Chapter 9 is titled “Speculations Both Grim and Hopeful.” Here, Hopkins speculates on the motives of “the UFO occupants” and includes the ideas that humans are being studied, implanted with monitoring devices, and having genetic material taken from them. He closes with his belief in the possibility that there is an invisible epidemic of abduction encounters.

Finally, in Chapter 10, titled “What Can Be Done” Hopkins makes arguments for making “the invisible epidemic” visible and the therapeutic benefits of hypnosis in abduction cases.

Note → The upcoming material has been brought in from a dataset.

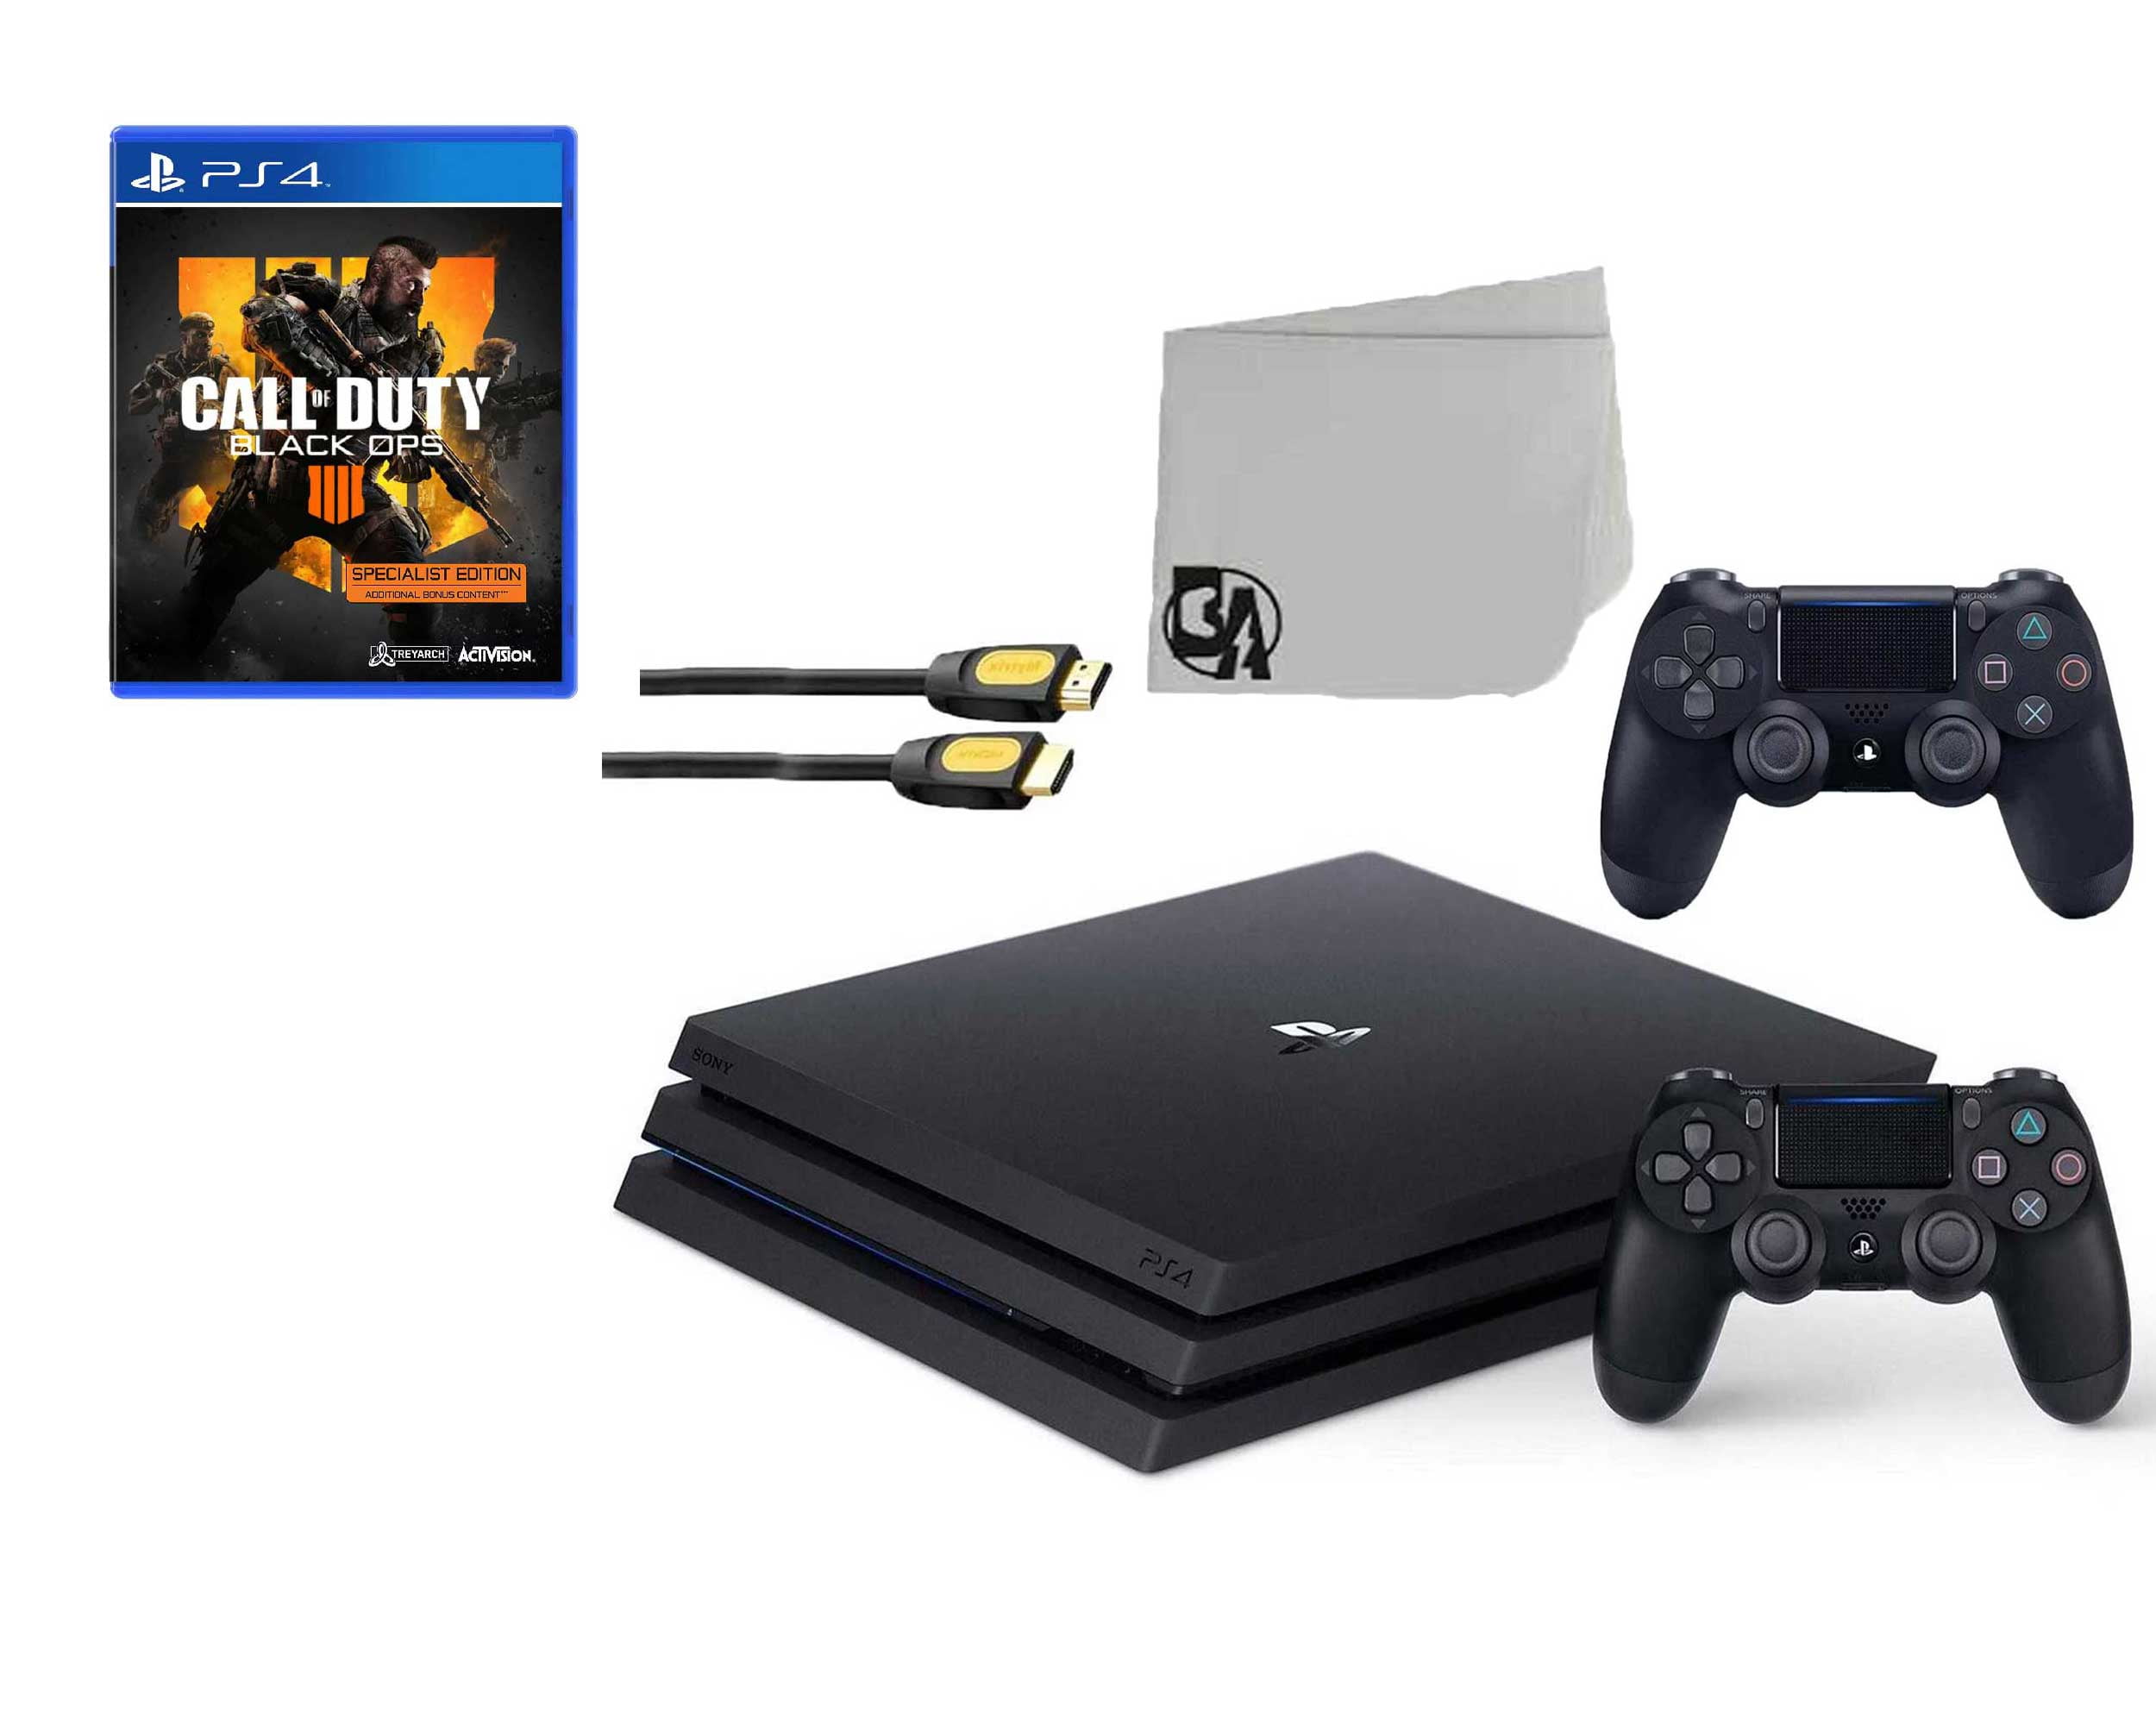 Sony PlayStation 4 Pro 1TB Gaming Console Black 2 Controller Included with God of War BOLT AXTION New - Walmart.com

In the News World article, Hopkins emphasized that he was a painter and that the book was a means to “bring this material to the largest audience possible.” He said he didn’t intend to do a follow-up and that he really wanted “to hand these cases over to other people.” Instead, Hopkins kept on with his research and published Intruders: The Incredible Visitations at Copley Woods in 1987 and Witnessed: The True Story of the Brooklyn Bridge UFO Abductions, in 1996.

Dr. John Mack

Hopkins’s methods during the Brooklyn Bridge case came under criticism in a 1993 paper titled A Critique of Budd Hopkins’ Case of the UFO Abduction of Linda Napolitano by Joseph J. Stefula, Richard D. Butler, and George P. Hansen. By the time Witness was published, David M. Jacobs, an associate professor of history at Temple University, and John E. Mack M.D., a former head of the Harvard Medical School Department of Psychiatry, had published their own books on abduction encounters. Jacobs published Secret Life: Firsthand Accounts of Alien Abductions in 1992, and Mack published Abduction: Human encounters With Aliens in 1994. Hopkins, Jacobs and Mack were the leading authorities on the subject into the new millennium. Then in 2004, Mack was hit and killed by a drunk driver in England, and in 2011, Jacobs became involved in a scandal with one of his subjects, Emma Woods. What Woods reported regarding Jacobs’s handling of her case prompted Hopkins’s former wife, Carol Rainey, to write an article exposing what she felt were the shortcomings of Hopkins’s and Jacobs’s methods.